• **About this exercise**: With the pictures left out, return exactly the lines from the one containing "Classic interior design" through the end of the listing below.

• **Data below**:
= = = = =
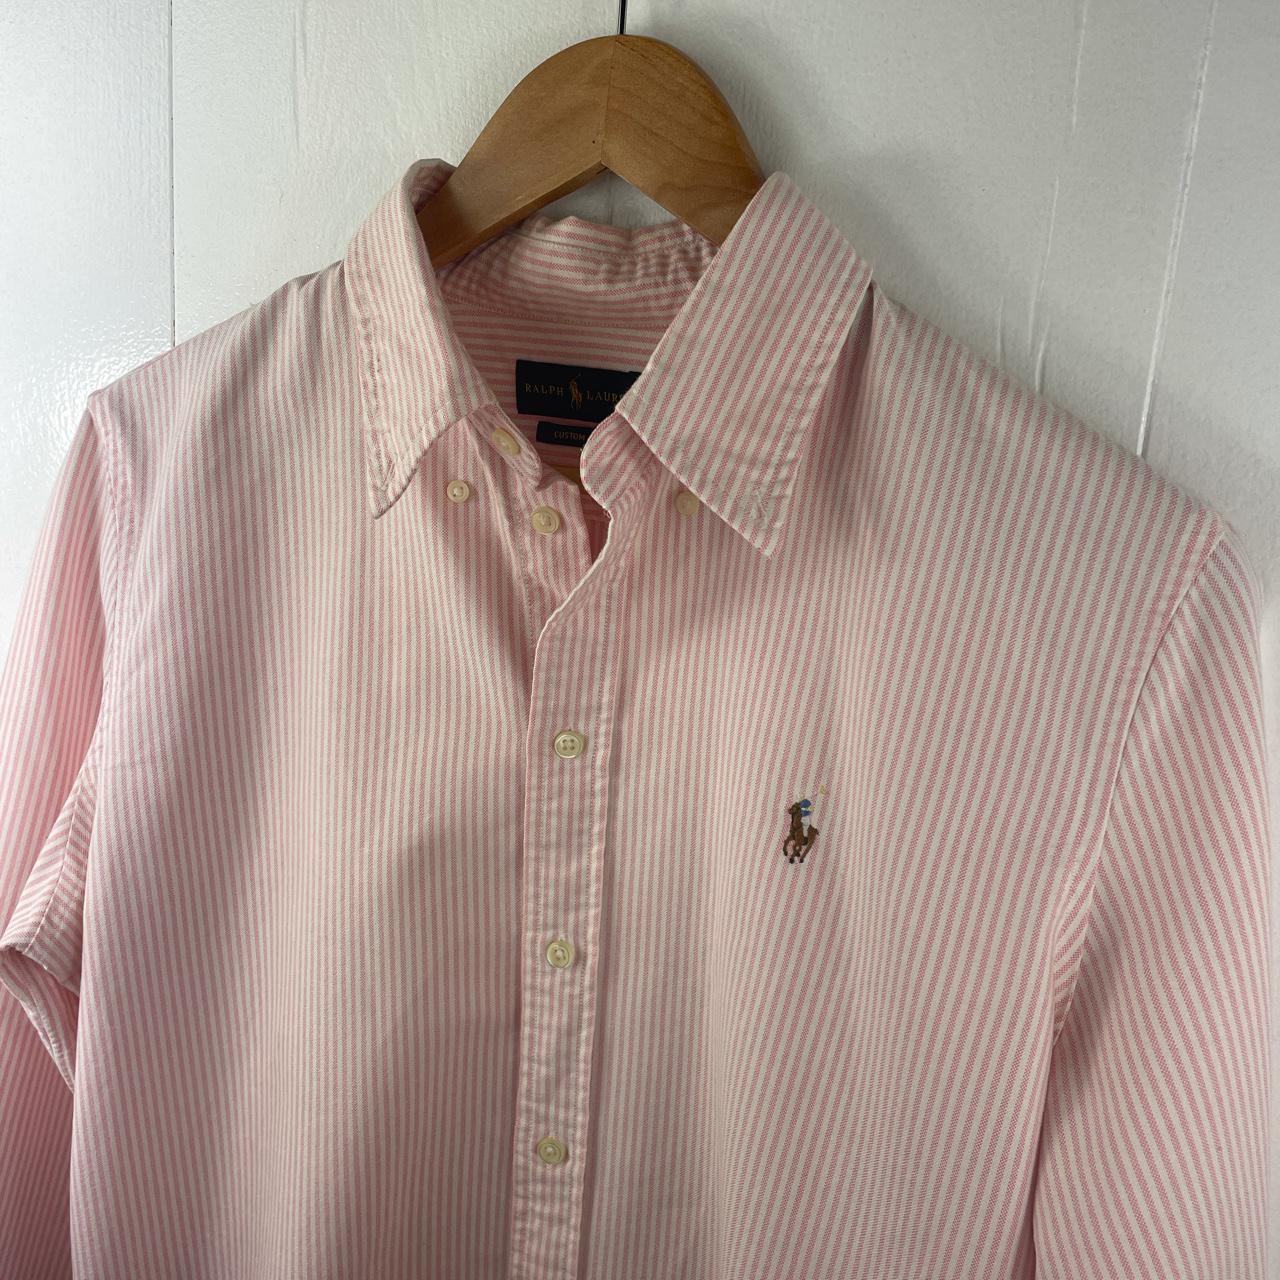 Ralph Lauren pinstripe formal shirt in pink and... - Depop
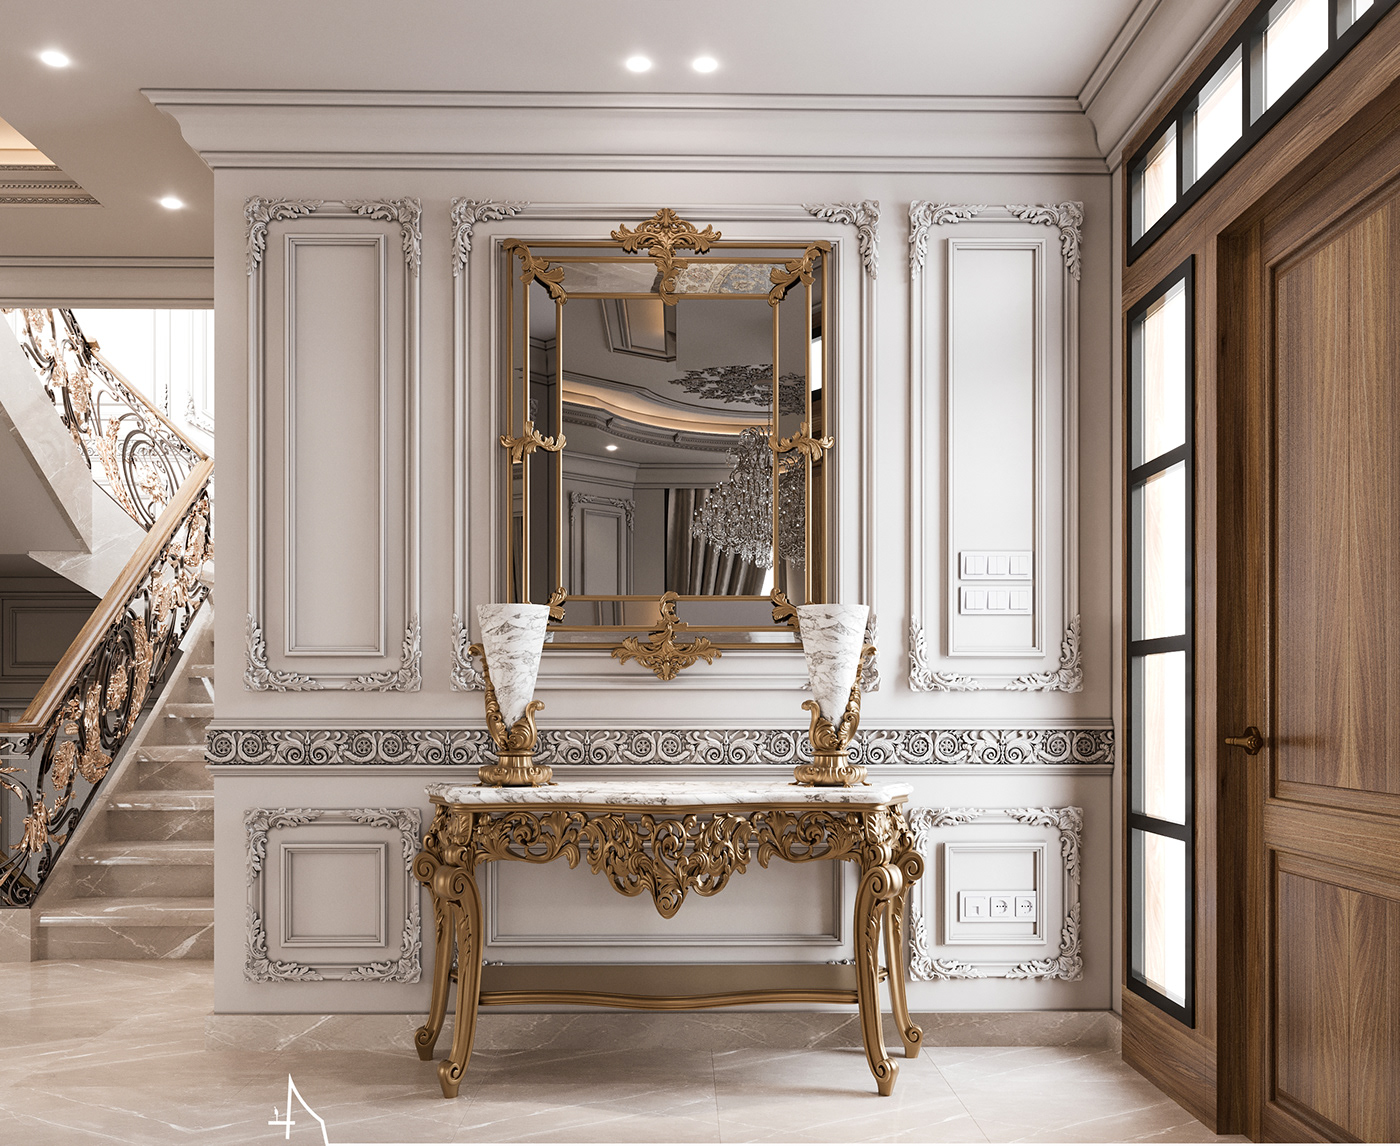 Classic interior design  luxury Interior design home decor architecture archviz reception cairo
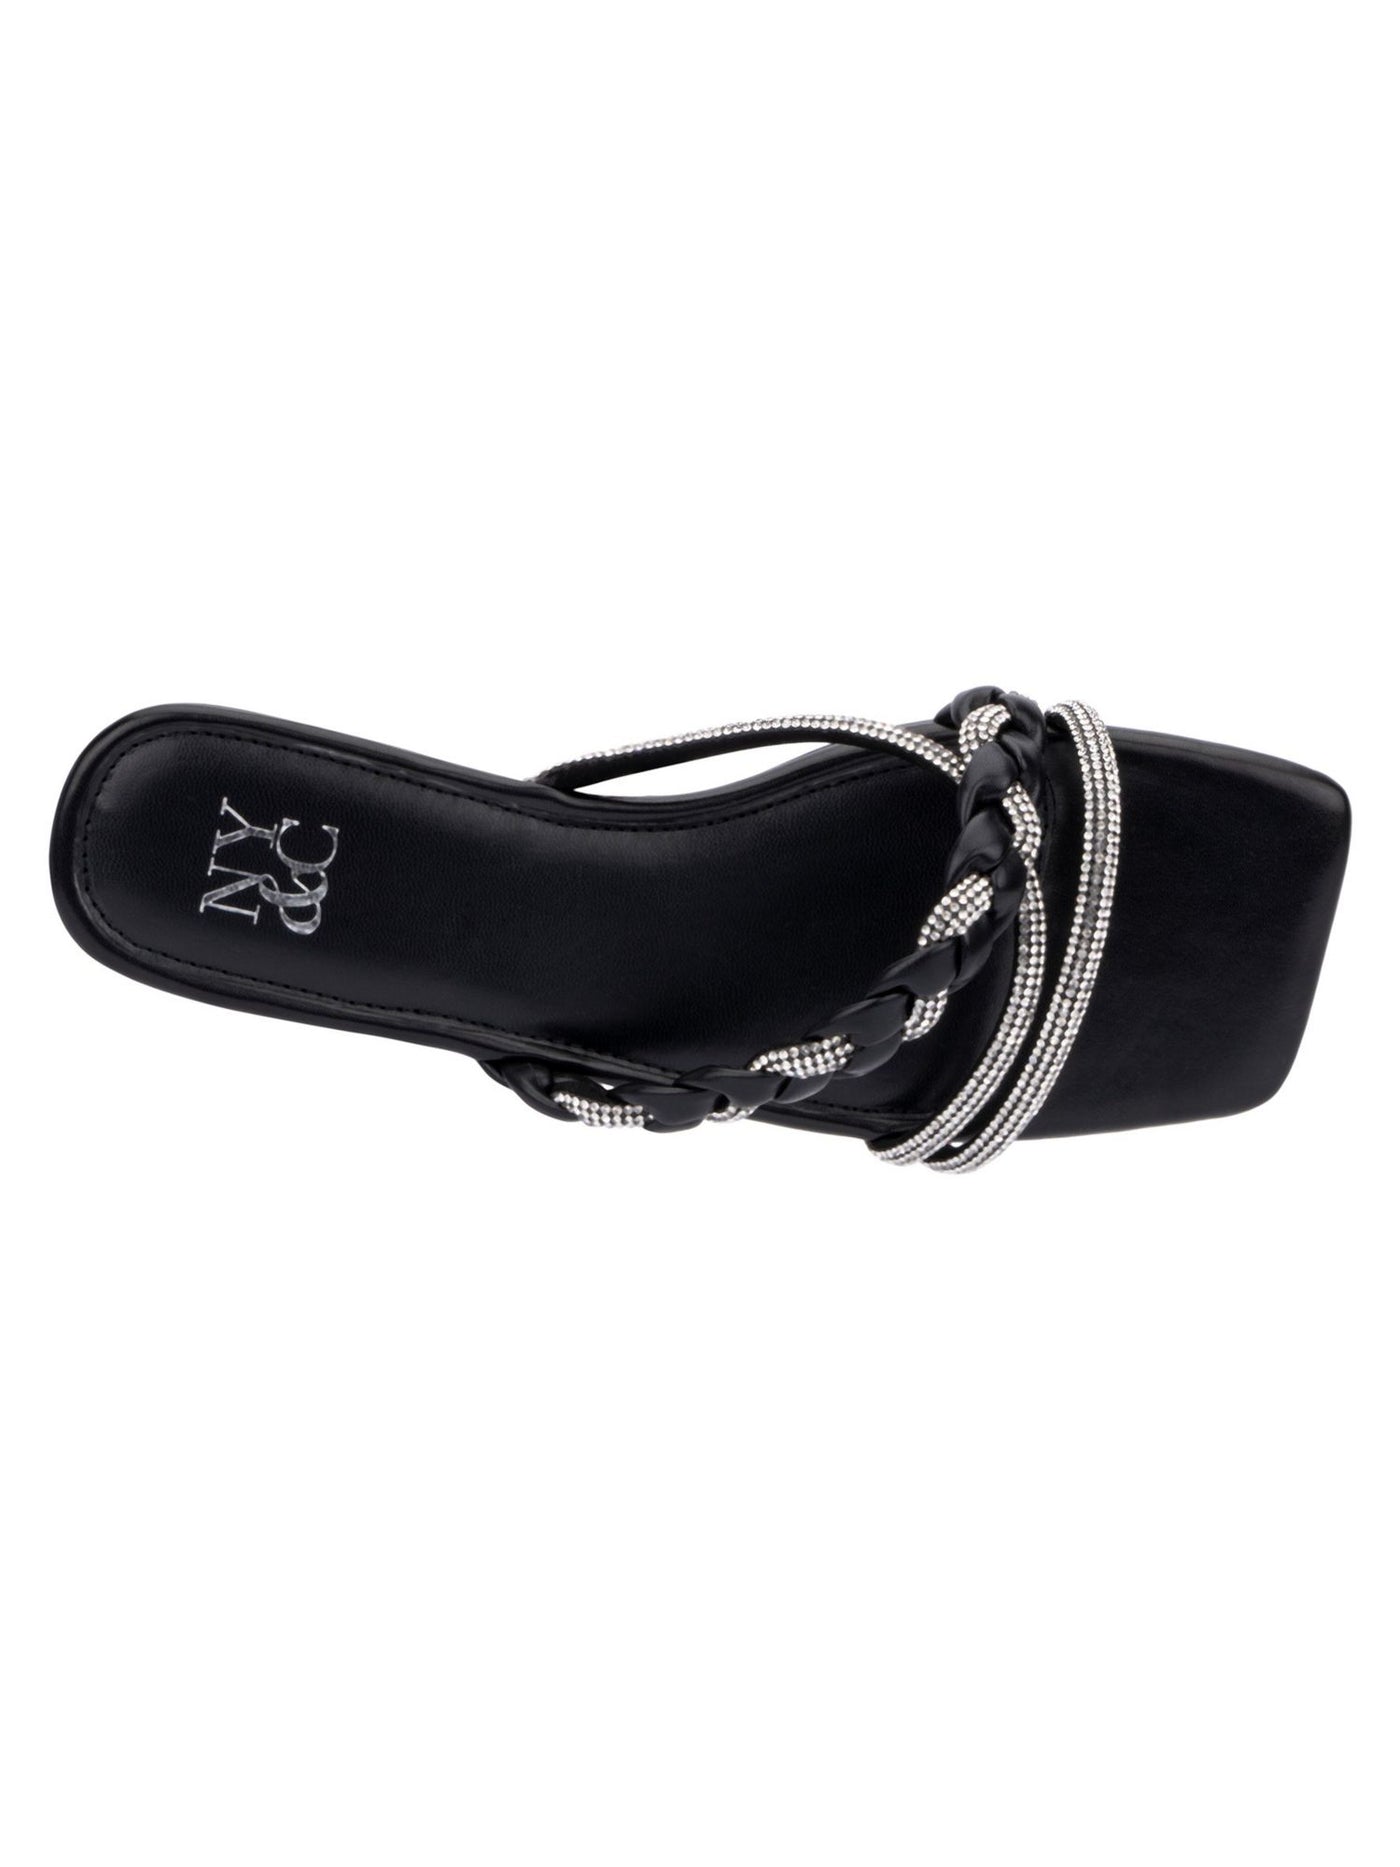 NEW YORK & CO Womens Black Padded Braided Rhinestone Alessia Square Toe Block Heel Slip On Slide Sandals Shoes 7.5
= = = = =
• **Expected answer**:
 Classic interior design  luxury Interior design home decor architecture archviz reception cairo
 NEW YORK & CO Womens Black Padded Braided Rhinestone Alessia Square Toe Block Heel Slip On Slide Sandals Shoes 7.5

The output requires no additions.